Now I wonder about the following things: (would be great if you could help me finding out whether it is correct)

(Remark: I write $\geq f$ with high probability, when I mean that actually we have that it is $\geq (1 + \epsilon) f$ with high probability for any small $\epsilon$)

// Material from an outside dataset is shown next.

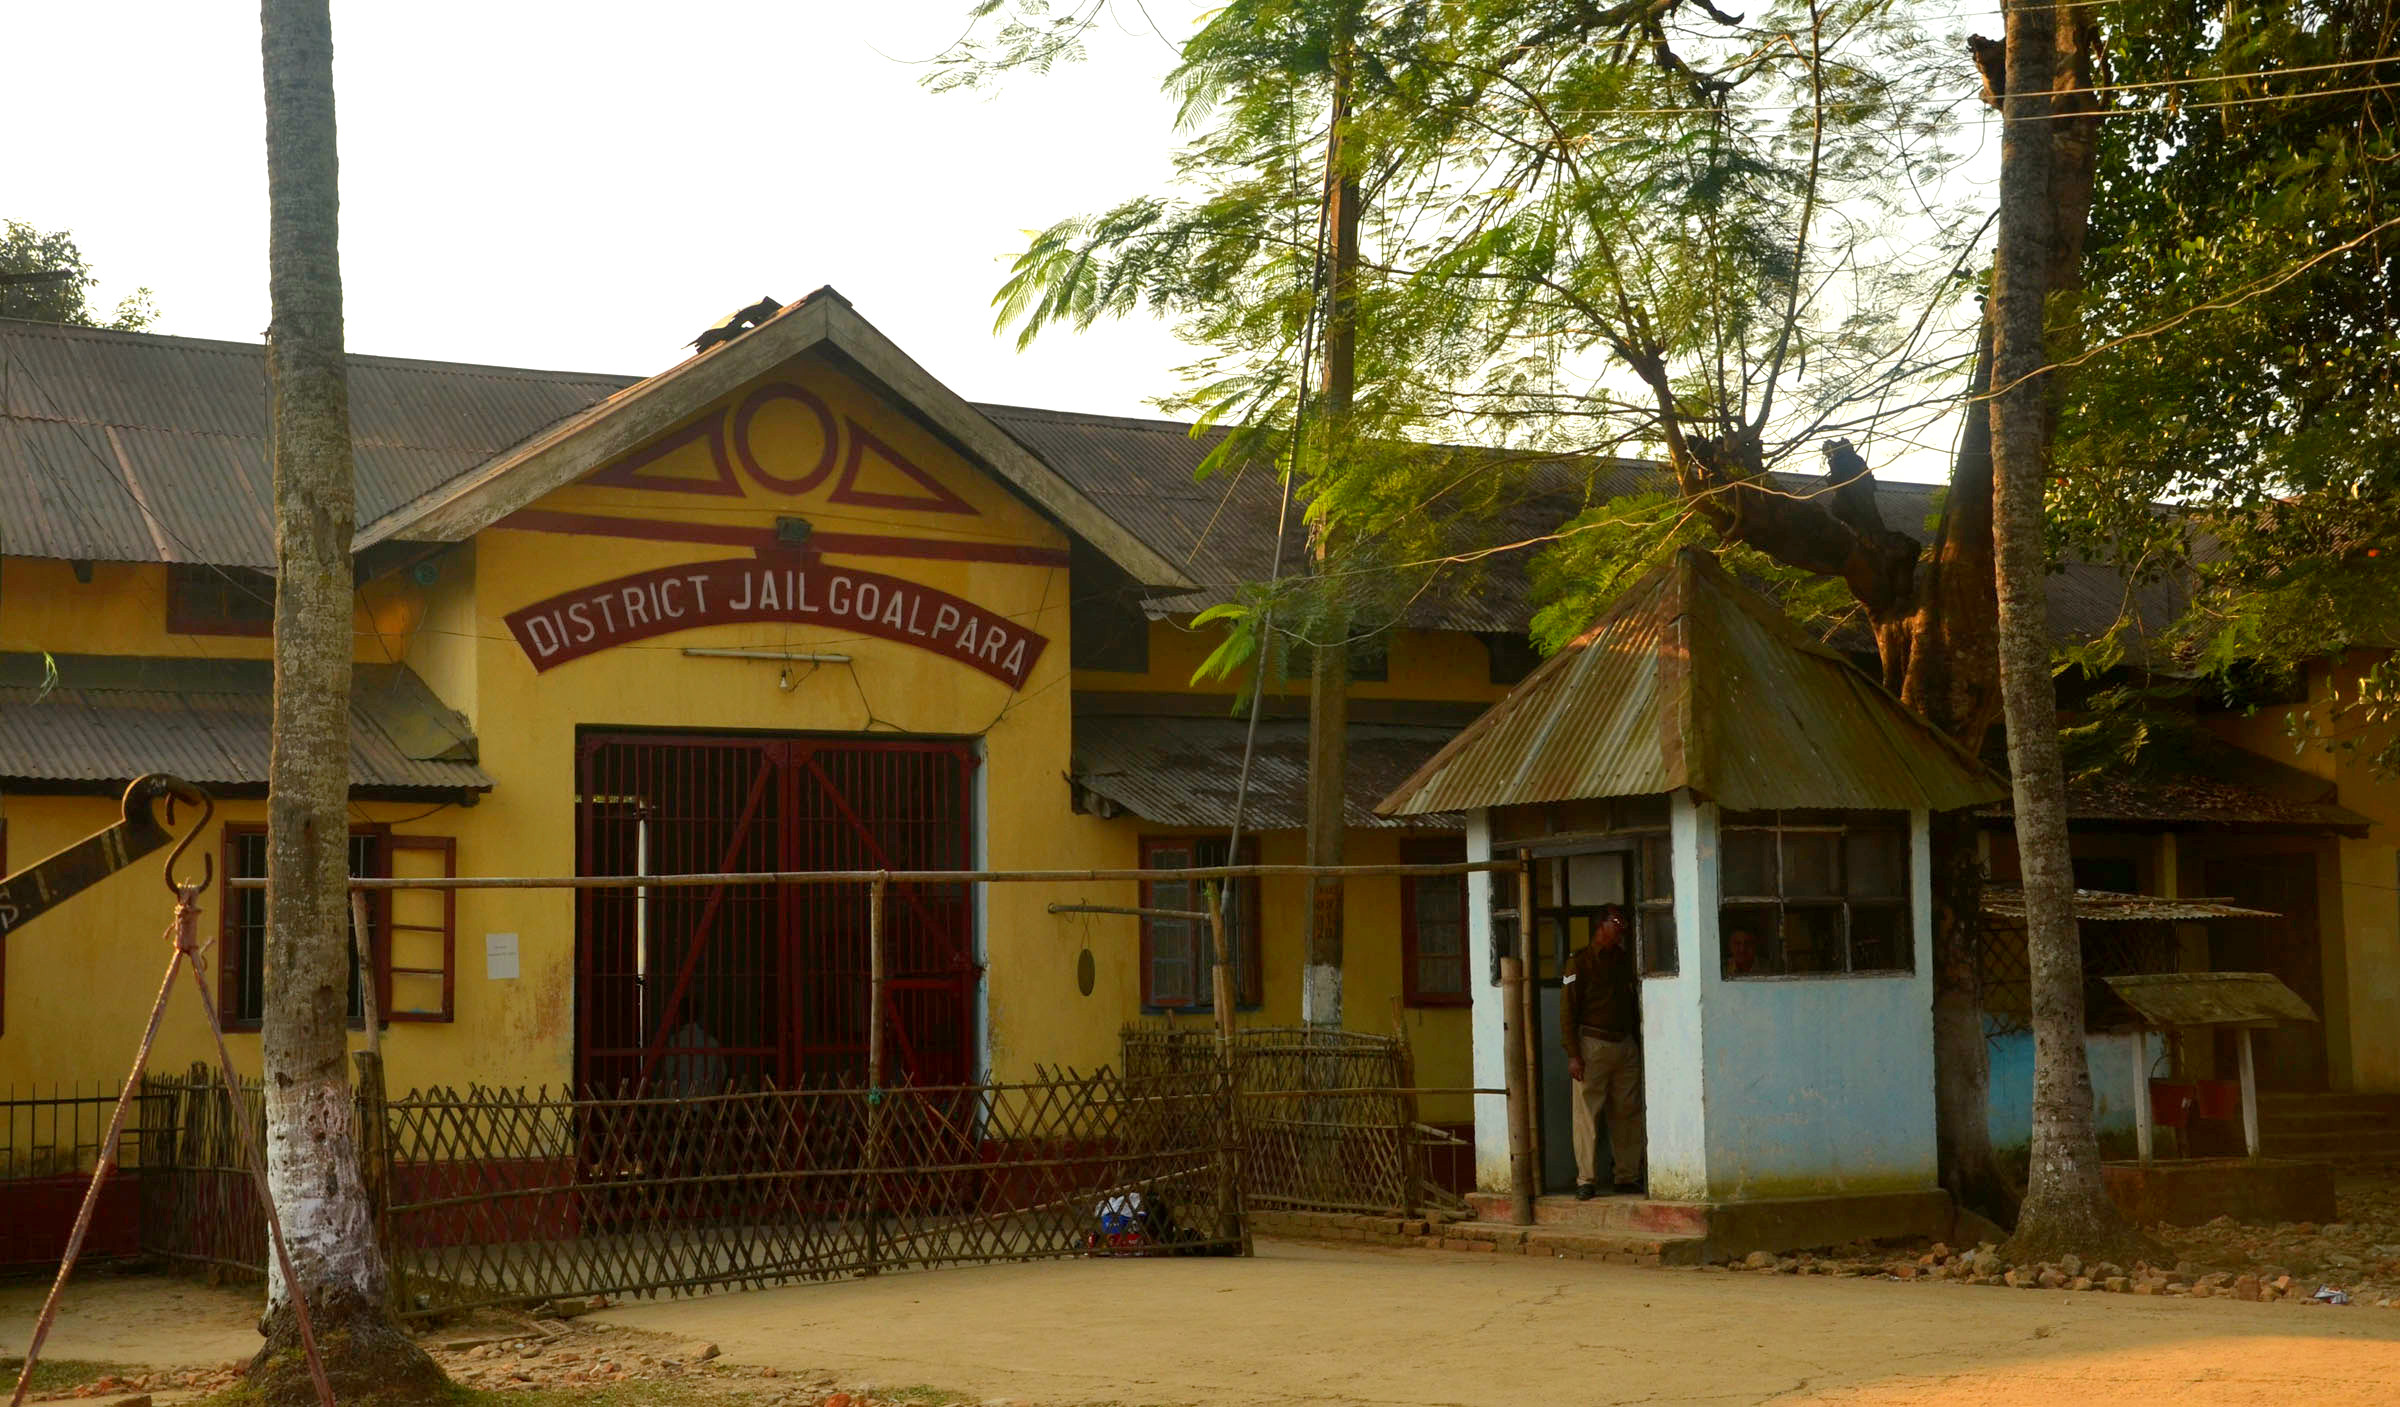 असम सरकार ने डिटेंशन सेंटर का नाम बदलकर ‘ट्रांज़िट कैंप’ किया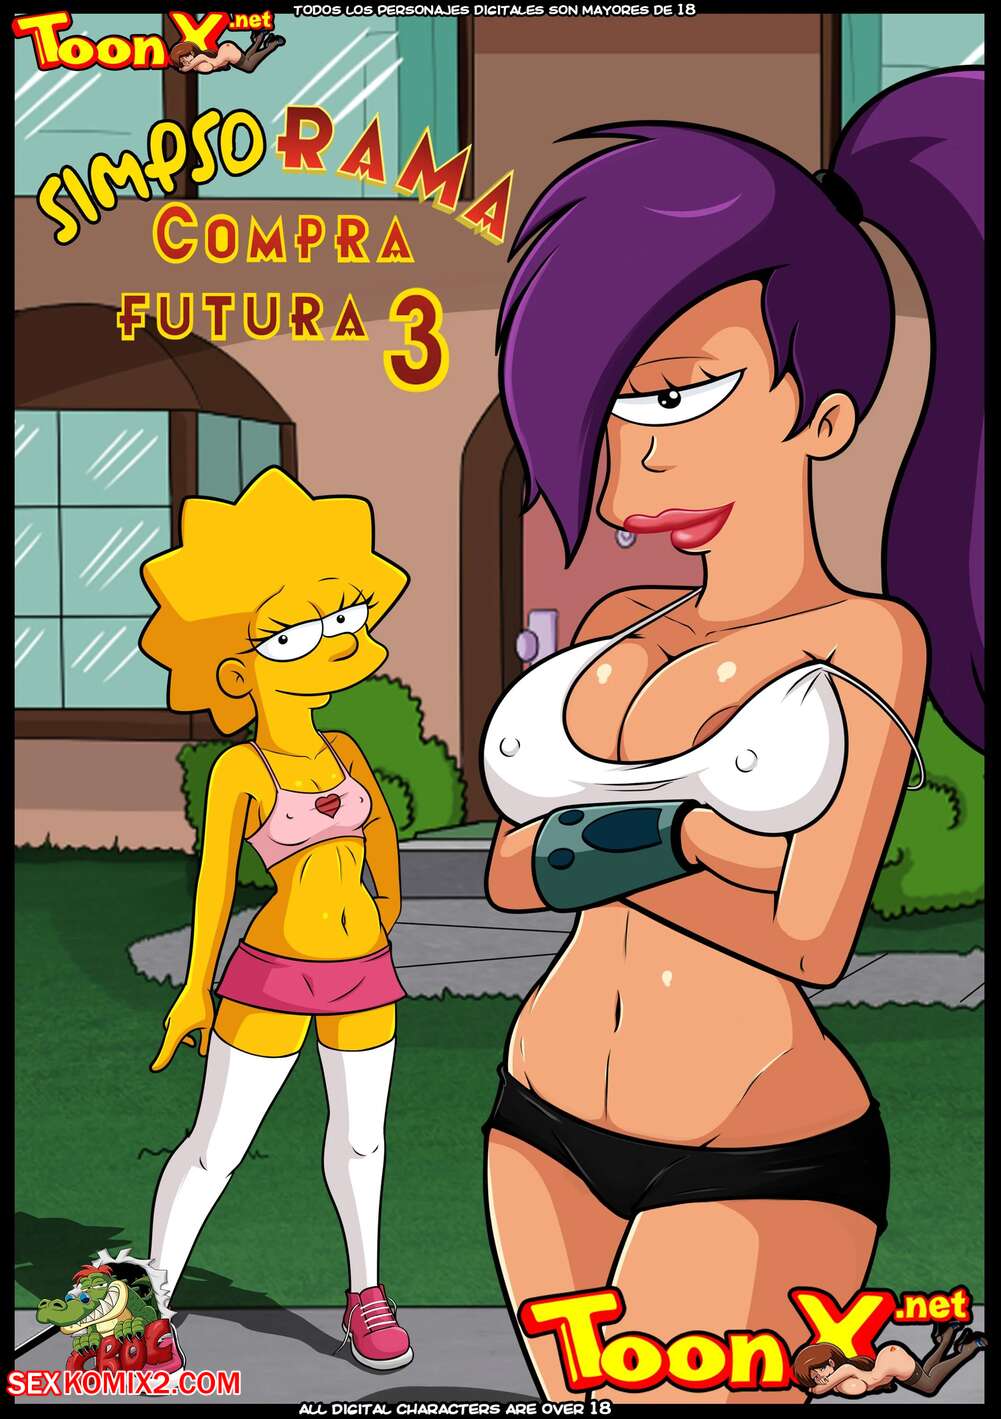 476 Nude Sex Cartoons - âœ…ï¸ Porn comic SimpsoRama. Chapter 3. The Simpsons , Futurama. Croc. Sex  comic beauty woke up | Porn comics in English for adults only |  sexkomix2.com

  1. For a fixed set $X \subseteq [n]$ and a fixed vertex $v \in [n]$ we cannot say something concrete about $d_G(v,X):=|\{x \in X \colon \{v,x\} \in E\}|$, all we know is that $d_G(v,X) \geq |X|-\delta n$.
  2. For a random set $S \subseteq [n]$ however, we have that $d_G(v,S)\geq (1-\delta)|S|$ with high probability.
    1. and 2. then automatically lead to the fact that $d_{G_q}(v,X)\geq (|X|-\delta n)q$ and $d_{G_q}(v,S) \geq (1-\delta)|S|q$ with high probability. But this doesn't mean that it holds for all sets, only for a fixed but arbitrary $X$ or a random $S$. True?

So are these 3 observations correct? Is there an easy way to argue that they are?

Then, another type of problem:

For $X_1, X_2 \subseteq [n]$, deterministic: We can compute the probability (a lower bound) of having a certain amount of edges in the cut between $X_1$ and $X_2$ (say, for simplicity in the random graph $G(n,r)$, where each edge is present with probability $r$). We cannot conclude that for all such sets it holds, but for these two arbitrary sets it holds. Now, when we choose $S_1, S_2 \subseteq [n]$, at random, then we know that the same probability bound is also true for $S_1$ and $S_2$? To conclude that it holds for all sets $X_1,X_2$, we would need to have a large enough probability such that it can kill the union bound?

Thank you very much for your help! You see, I am struggling with probably very easy questions here.